With the pictures omitted, write out all of the listing exactly.

PROVIDED MATERIAL Block Start

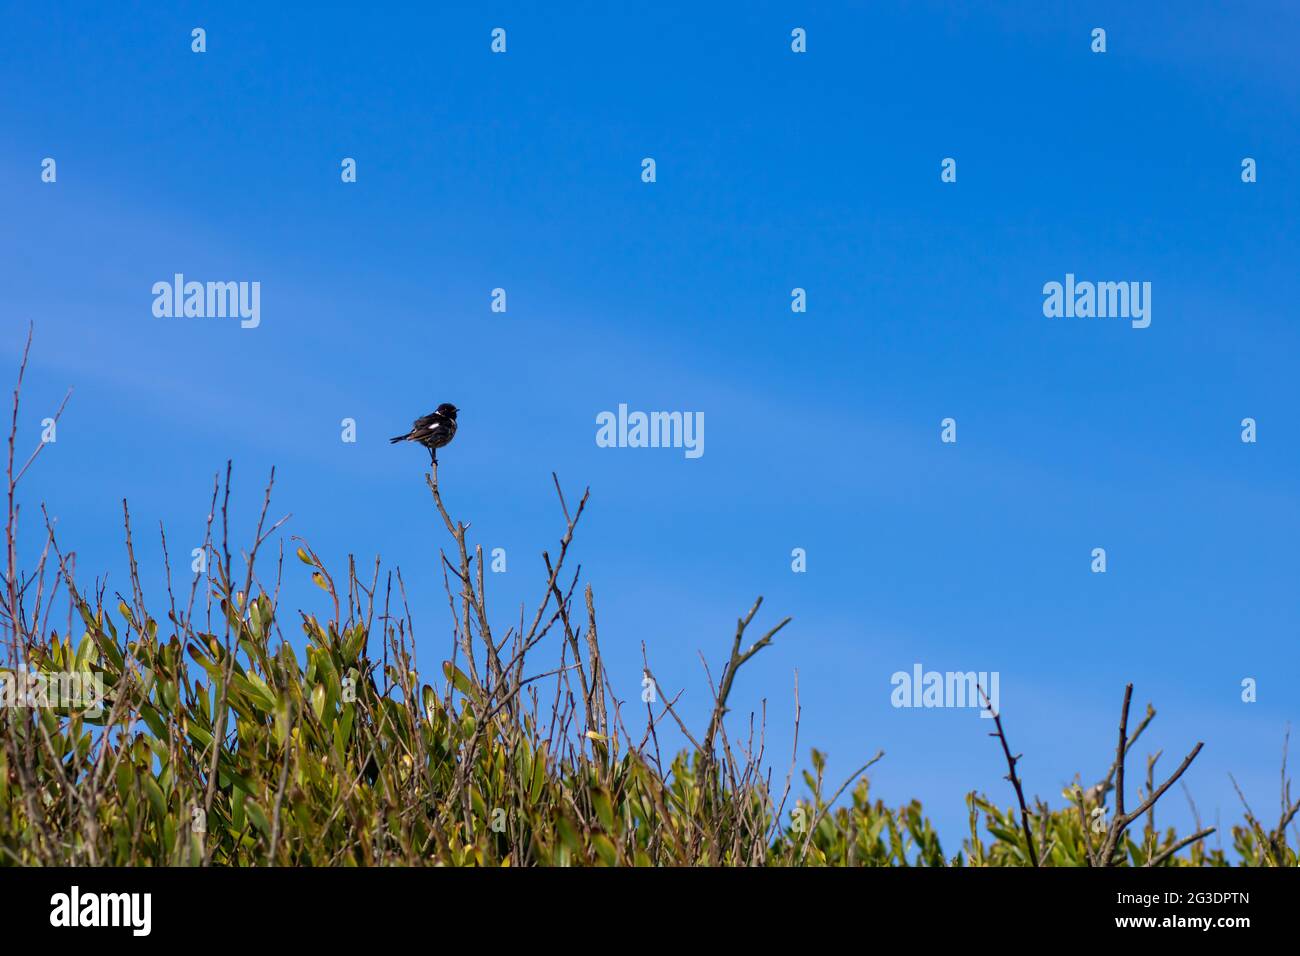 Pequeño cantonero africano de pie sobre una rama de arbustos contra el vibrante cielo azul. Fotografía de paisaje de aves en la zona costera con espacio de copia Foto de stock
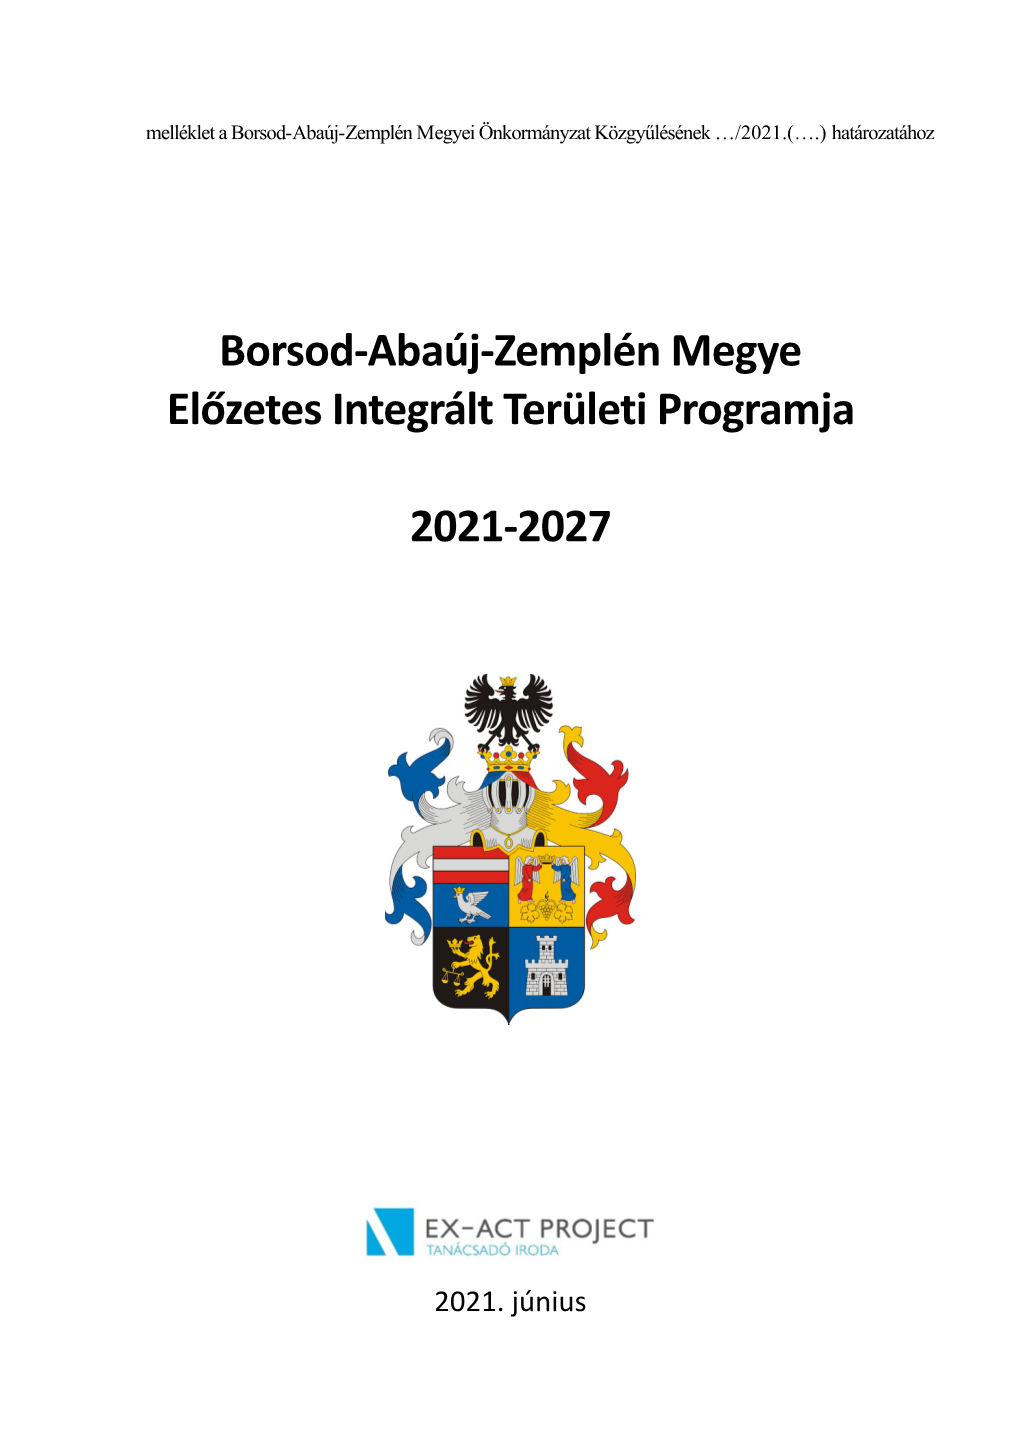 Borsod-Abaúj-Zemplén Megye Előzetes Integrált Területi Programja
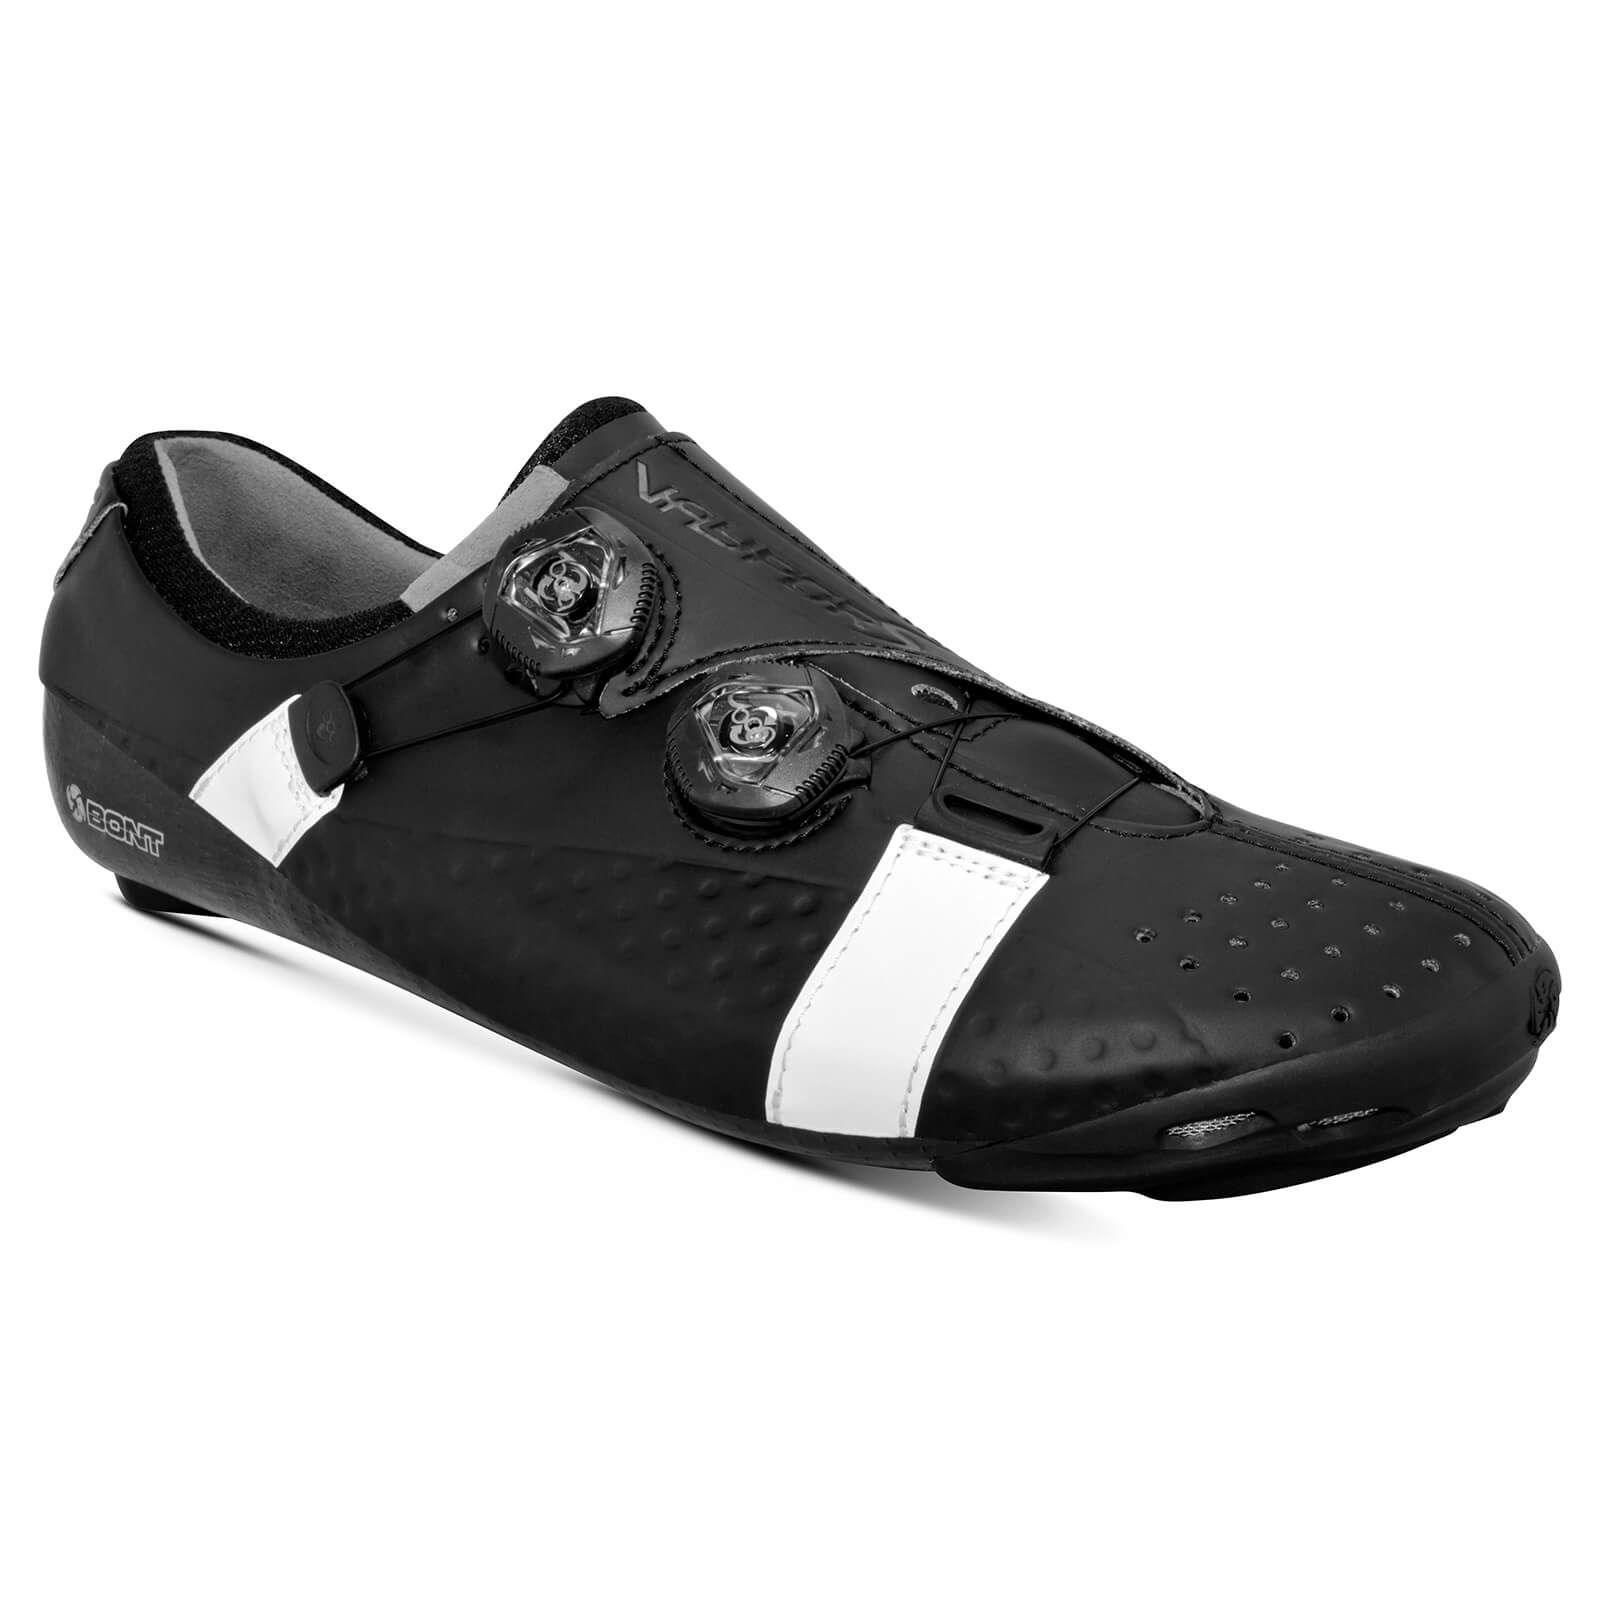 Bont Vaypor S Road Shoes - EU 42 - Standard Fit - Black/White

PROVIDED MATERIAL Block End

SOLVED EXERCISE
 Pequeño cantonero africano de pie sobre una rama de arbustos contra el vibrante cielo azul. Fotografía de paisaje de aves en la zona costera con espacio de copia Foto de stock
 Borsod-Abaúj-Zemplén Megye Előzetes Integrált Területi Programja
 Bont Vaypor S Road Shoes - EU 42 - Standard Fit - Black/White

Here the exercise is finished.